Started in East Germany moved to the west but never amounted to much. Read reviews that mention wilhelm gustloff world war gunter grass david frankfurter sinking of the ship soviet submarine strength through joy third reich back and forth sinking of the wilhelm tin drum ship wilhelm move forward paul pokriefke east germany read this book nobel prize german people website ship was named.
He volunteered for submarine service crabwa,k the Kriegsmarine “to get out of the confinement he felt as a teenager in his parents’ house” which he considered – in a very negative way – civic Catholic lower middle class. What forces Paul to confront his, and Germany’s history is his own son’s neo-Nazi proclivities Grass offers other, subtler insights. Amazon Advertising Find, attract, and engage customers.
Crabwalk – Günter Grass – Google Books
The history of the Gustloff was fascinating and truly tragic, the complexity of German perceptions of its own past, and the dearth of comfortable answers make this book worth your time, even if it starts a little slow. A book on how evil or hatred depicted here on the affinity to the nazi ideology of some children at the end of the second world war doesn’t need a reason and will always find martyrs, because sacrifices are always seen with esteem and approval, even though the idea behind them is fundamentally wrong.

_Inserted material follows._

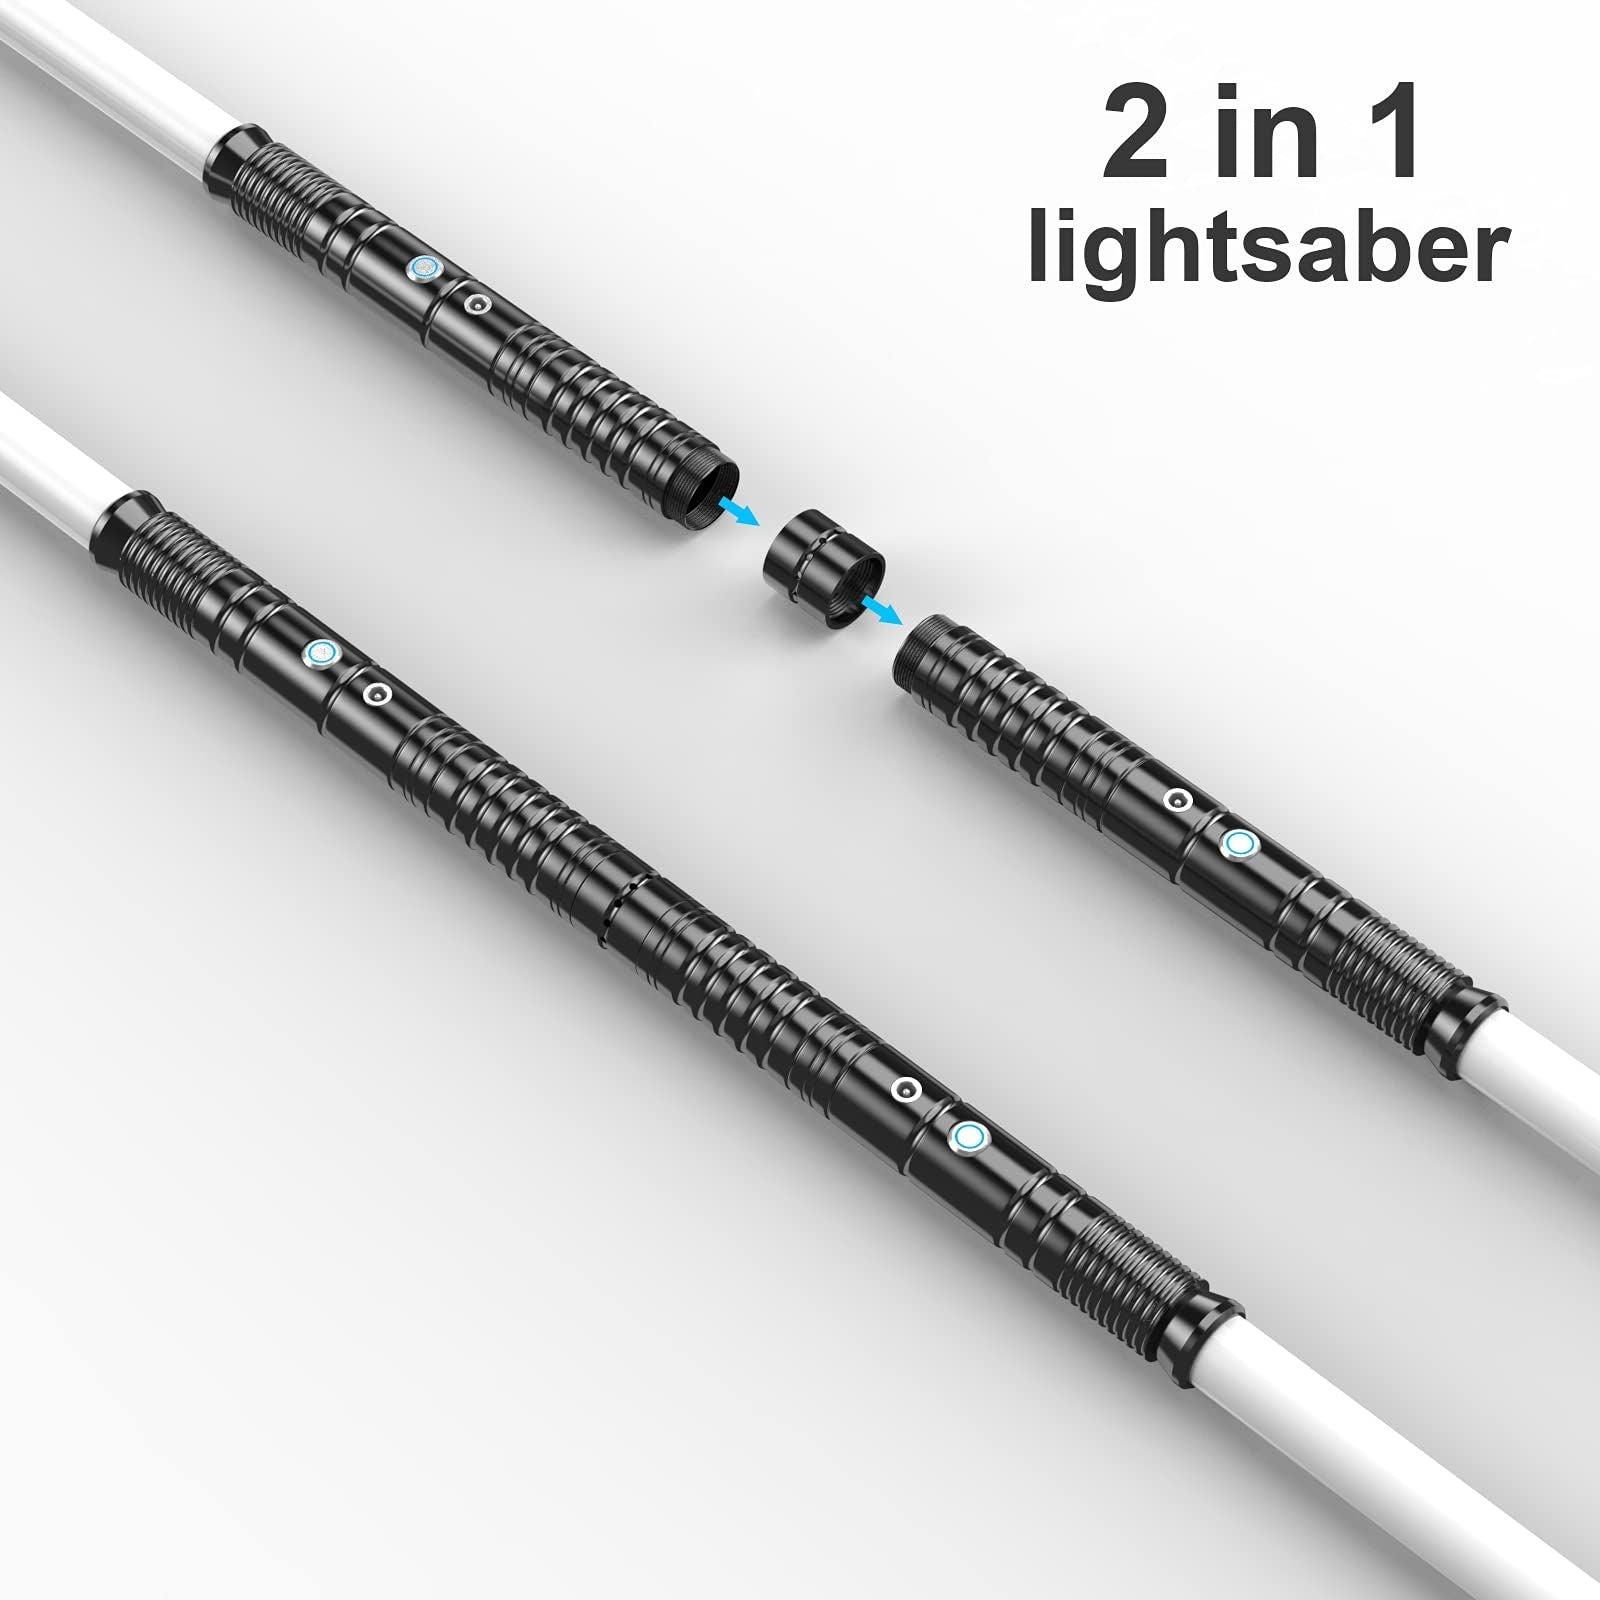 Lorsaberus Lightsaber, 2-in-1 RGB FX Dueling Light saber for Kids, Premium Aluminium Alloy Hilt Dual Light sabers with 7 Colors Changeable, Halloween Cosplay, 2 Pack 4

Paul Pokriefke, the journalist, doesn’t want to know about the past, and is almost vitriolic about his mother, This is the first I’ve read by Gunther Grass, who won the Nobel Prize for Literature. He realizes that the site is maintained by his teenage son Konny who, influenced by his grandmother, has found in right-wing extremism the appetite to acknowledge the suffering of Germans during the war.
Prose in peril on the sea
In he became a Luftwaffenhelfer, then he was drafted into the Reichsarbeitsdienst, and in Novembershortly after his seventeenth birthday, into the Waffen-SS. Paul Pokriefke, the journalist, doesn’t want to know about the past, and is almost vitriolic about his mother, who is always going on about it.
The characters, too, could have involved you more. While his mother sees her whole existence in terms of that calamitous moment, Paul wishes their life could have been less touched by the past. Crabwalk is full of complaints that this terrible disaster losses hard to estimate, crabwxlk perhaps approaching 10, has none of the celebrity it deserves. He’s pressured into it by the major background player, Grass himself.